UNITED IN ANGER: A HISTORY OF ACT UP STUDY GUIDE

UNIT 3: PROJECTS AND EXERCISES

Individual Project 1: Activism and You
ACT UP is best known for its collective action, characterized by many groups and coalitions including affinity groups and mass meetings every Monday nights.  Yet members were ultimately galvanized by a sense of personal responsibility, often initially joining ACT UP as concerned individuals and then finding their place within activist community.  ACT UP thus demonstrates that the power of collective action rests on individual impulse.

Indeed, activism doesn’t always require collective action.  Individuals or a couple of friends can bring a problem to light, agitate against unfairness, and ultimately transform social paradigms.  Martin Luther King, Jr., though he led the collective Civil Rights Movement, did so based on his sense of personal responsibility for change.  For more information, read King’s timeless 1963 “Letter from Birmingham Jail,” in which he articulates this activist ethos of personal responsibility.

Now reflect on your own activism as an individual and as a member of an organization.  Toward whom or what do you have a sense of personal responsibility that inspires you to act to make change for the better?  How have you acted individually to effect that change?  Are you a member of any activist organizations or movements?  What has been your role in those groups?  How is individual activism different from group activism?

What have you learned about the ability to effect social change from your experiences of individual and group activism?  If you don’t have a history of activism, reflect on what may have prevented you from becoming involved.

Group Project #1: Plan a Demonstration, Direct Action, or Zap: HIV Prevention
 For this group project, you will plan an HIV/AIDS demonstration, direct action, or zap.  There are three steps in this project:

1. For this project, you will focus on an HIV/AIDS problem with which you may already be somewhat familiar: HIV Prevention.  You may have received a fair amount of formal or informal education about HIV prevention, yet you may take issue with aspects of those prevention messages and efforts.  For example, you might be critical of HIV prevention messages aimed at your peer group.  What are those messages, exactly?  Are the prevention messages clear? Do they communicate in a way that makes you listen and respond?  Are the underlying prevention strategies appropriate (in terms of target audience, tone, language, medium, “realness”?)  Conversely, you may have a deep understanding of the people and institutions that have insured that you have received little or no HIV prevention education—itself  a good facet of this problem that you might want to address.

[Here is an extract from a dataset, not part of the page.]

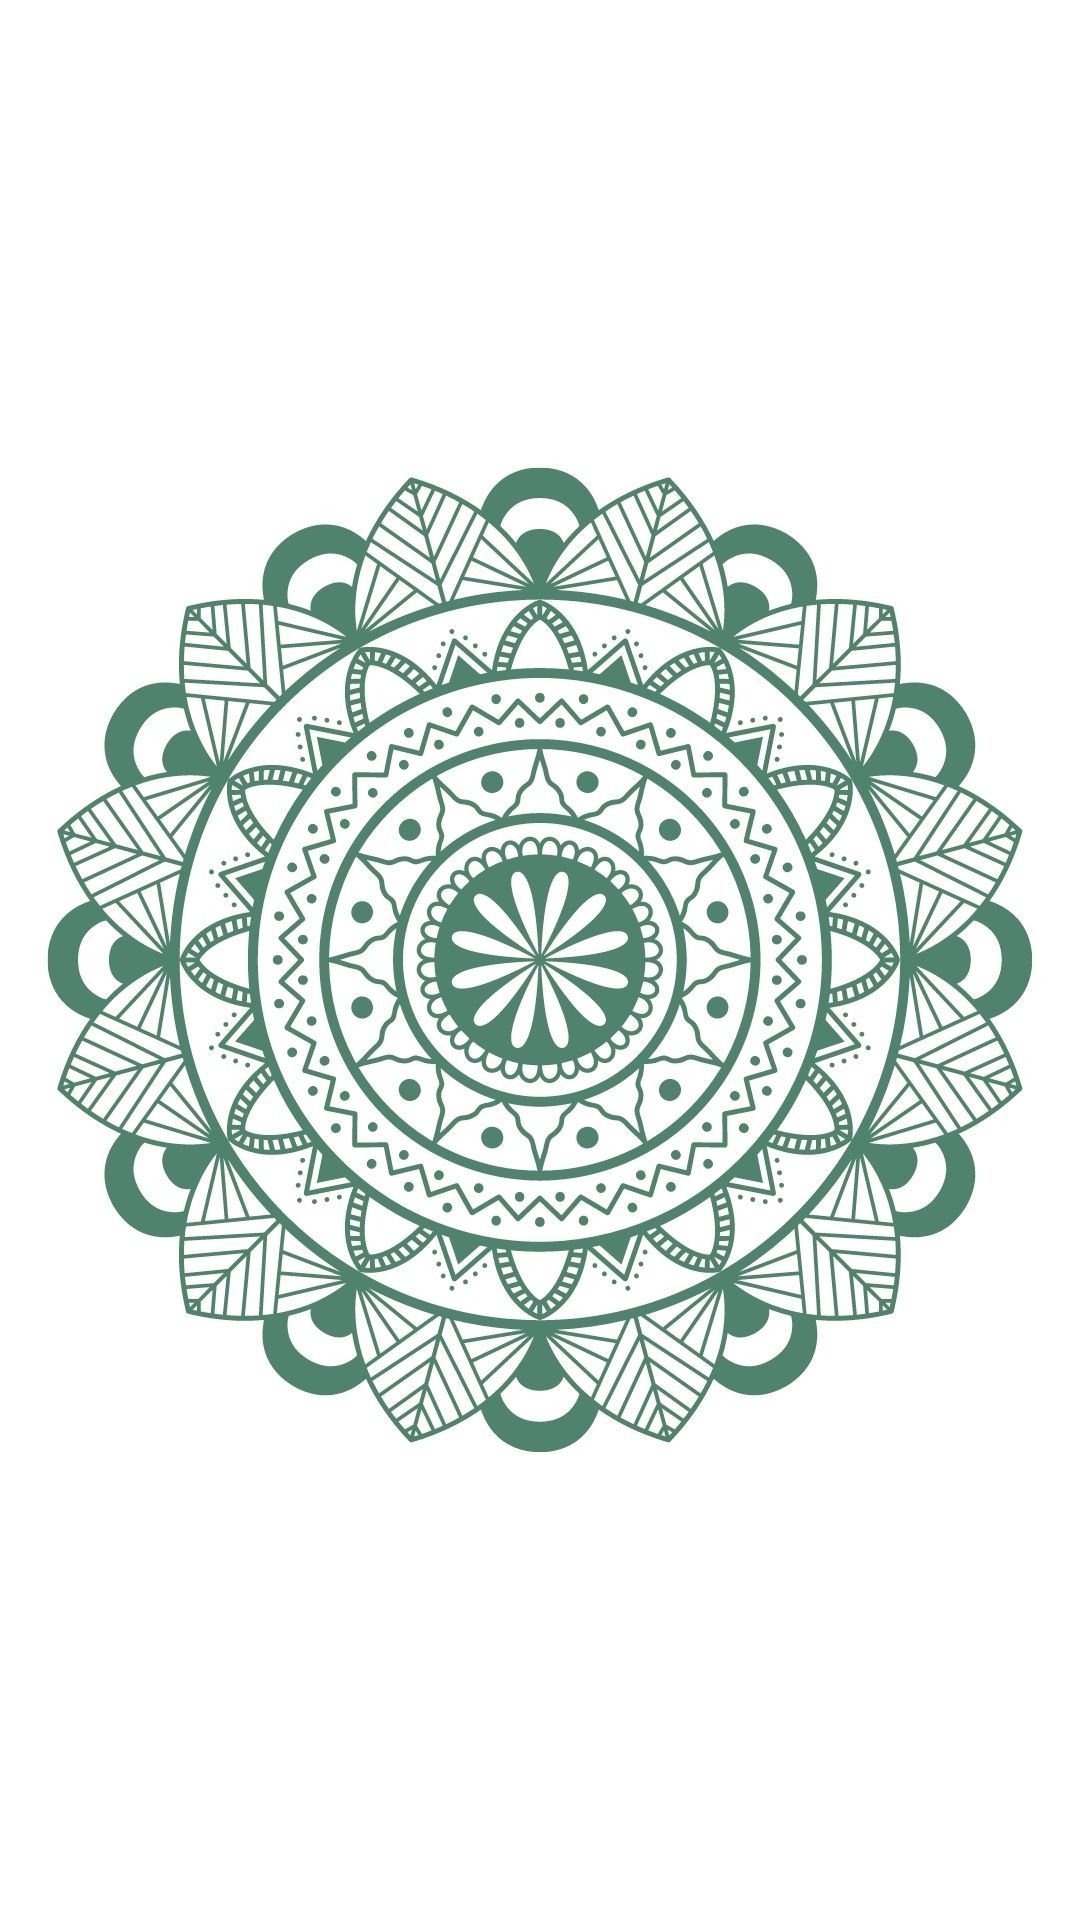 A circular pattern of green on a white background - Sage green

Your first goal is to identify and explain the problem with HIV Prevention in a clear, detailed statement.  Then, point to the sources or causes of the problem, identify those who are hurt by it, and spell out the logic by which the problem is allowed to persist.  Remember, the more specific the problem, the more targeted your activist intervention can be.

2. Now brainstorm ideas for addressing the problem.  What is the goal?  What is your group’s overall plan or strategy for achieving that goal?  For example, ACT UP often used the strategy of directly confronting a problem through street demonstrations with the goal of setting up a meeting with officials or administrators who could, in turn, affect policy decisions.  Other actions, like the zap that interrupted the CBS Evening News, had the goal of forcing mainstream news organizations to “report” on the disparity between coverage of and funding for AIDS and the Gulf War.  What specific tactics would your group use to implement its strategy?  Consider the logistics of your action.  What are the small details that will make it successful?  Predict potential challenges and outcomes.  For a step-by-step guide for planning an action, see the Lesbian Avengers Action Outline and the ACT UP Direct Action Manual.

3. Finally, write a reflection on the process of planning your HIV/AIDS Prevention action.  What lessons did you learn about activist organizing and social protest?  About group activism?  About  yourself as a potential activist?

Individual/Group Project #2: Political Funerals

Freewrite a response to United in Anger’s footage of political funerals and to Joy Episalla’s comments in her ACT UP Oral History Project interview. Then discuss your response with a group of your peers.